Dataset excerpts:
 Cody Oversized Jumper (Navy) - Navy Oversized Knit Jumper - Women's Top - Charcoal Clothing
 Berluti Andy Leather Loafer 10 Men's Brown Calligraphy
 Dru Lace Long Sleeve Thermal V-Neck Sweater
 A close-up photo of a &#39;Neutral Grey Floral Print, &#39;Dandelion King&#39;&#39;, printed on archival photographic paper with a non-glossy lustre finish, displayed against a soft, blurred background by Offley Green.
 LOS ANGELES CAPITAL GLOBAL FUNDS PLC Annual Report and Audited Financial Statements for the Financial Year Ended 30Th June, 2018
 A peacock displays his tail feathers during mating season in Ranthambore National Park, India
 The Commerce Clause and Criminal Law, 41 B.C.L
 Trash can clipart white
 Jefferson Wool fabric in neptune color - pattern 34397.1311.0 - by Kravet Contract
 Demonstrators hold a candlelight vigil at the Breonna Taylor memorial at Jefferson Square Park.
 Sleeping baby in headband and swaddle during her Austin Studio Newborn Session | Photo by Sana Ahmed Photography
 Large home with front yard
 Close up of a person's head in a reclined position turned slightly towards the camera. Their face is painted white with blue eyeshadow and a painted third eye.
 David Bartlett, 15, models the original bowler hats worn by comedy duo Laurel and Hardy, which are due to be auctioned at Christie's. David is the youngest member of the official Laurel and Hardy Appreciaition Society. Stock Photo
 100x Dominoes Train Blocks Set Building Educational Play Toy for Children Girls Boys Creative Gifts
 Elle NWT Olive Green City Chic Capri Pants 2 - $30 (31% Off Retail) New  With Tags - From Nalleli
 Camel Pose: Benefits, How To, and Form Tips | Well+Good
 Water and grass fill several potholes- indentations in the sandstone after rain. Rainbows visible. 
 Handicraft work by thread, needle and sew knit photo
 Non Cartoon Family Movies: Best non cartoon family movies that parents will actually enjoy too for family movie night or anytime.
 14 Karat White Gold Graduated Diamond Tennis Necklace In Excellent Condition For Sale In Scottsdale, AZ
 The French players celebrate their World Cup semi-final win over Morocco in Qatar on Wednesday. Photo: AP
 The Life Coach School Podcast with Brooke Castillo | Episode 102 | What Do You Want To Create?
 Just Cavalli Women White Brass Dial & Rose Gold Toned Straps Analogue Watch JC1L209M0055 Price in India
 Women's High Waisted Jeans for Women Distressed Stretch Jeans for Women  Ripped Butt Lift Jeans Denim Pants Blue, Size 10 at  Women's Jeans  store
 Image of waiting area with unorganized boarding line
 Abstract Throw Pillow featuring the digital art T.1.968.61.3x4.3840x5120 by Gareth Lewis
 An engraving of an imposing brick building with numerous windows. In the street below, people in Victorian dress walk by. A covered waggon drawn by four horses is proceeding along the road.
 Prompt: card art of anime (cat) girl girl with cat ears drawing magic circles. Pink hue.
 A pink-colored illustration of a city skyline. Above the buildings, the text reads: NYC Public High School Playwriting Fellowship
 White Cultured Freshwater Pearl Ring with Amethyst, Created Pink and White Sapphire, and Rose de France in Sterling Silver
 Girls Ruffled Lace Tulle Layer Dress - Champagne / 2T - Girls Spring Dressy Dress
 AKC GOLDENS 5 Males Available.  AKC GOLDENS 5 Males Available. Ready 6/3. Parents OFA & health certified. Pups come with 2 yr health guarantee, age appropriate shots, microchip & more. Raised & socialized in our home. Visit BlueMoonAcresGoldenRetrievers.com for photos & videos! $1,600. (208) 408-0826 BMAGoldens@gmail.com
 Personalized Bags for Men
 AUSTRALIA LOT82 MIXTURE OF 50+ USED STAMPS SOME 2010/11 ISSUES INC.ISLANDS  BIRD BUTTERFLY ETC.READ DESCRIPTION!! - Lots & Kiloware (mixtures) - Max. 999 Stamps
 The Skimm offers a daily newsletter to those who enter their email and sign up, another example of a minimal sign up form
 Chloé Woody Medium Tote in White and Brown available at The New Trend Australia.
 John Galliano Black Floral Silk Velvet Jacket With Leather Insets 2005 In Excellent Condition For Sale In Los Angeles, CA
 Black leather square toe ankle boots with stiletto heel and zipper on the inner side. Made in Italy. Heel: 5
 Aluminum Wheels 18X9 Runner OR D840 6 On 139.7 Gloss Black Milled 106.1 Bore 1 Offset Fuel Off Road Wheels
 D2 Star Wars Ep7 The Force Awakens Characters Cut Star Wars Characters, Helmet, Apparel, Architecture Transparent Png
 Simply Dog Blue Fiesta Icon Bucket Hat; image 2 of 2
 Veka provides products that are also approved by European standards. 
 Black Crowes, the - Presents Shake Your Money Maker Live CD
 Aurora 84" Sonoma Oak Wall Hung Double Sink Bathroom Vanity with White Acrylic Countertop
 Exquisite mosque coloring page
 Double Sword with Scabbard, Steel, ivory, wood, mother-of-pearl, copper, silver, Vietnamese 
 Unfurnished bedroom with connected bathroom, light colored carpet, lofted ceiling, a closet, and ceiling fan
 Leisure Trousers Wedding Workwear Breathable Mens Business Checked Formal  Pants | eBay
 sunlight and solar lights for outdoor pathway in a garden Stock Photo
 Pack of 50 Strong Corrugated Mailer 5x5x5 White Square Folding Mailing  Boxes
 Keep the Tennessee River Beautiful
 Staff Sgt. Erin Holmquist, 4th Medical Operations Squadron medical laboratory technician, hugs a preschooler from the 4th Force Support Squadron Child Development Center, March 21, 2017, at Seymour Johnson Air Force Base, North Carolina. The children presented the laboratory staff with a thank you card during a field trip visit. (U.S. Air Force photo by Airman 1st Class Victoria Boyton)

> [Work request] Above are the records; from them, give again exactly the lines from the one containing "100x Dominoes Train" through the one containing "Handicraft work by", both included.

> [Response to the task]
 100x Dominoes Train Blocks Set Building Educational Play Toy for Children Girls Boys Creative Gifts
 Elle NWT Olive Green City Chic Capri Pants 2 - $30 (31% Off Retail) New  With Tags - From Nalleli
 Camel Pose: Benefits, How To, and Form Tips | Well+Good
 Water and grass fill several potholes- indentations in the sandstone after rain. Rainbows visible. 
 Handicraft work by thread, needle and sew knit photo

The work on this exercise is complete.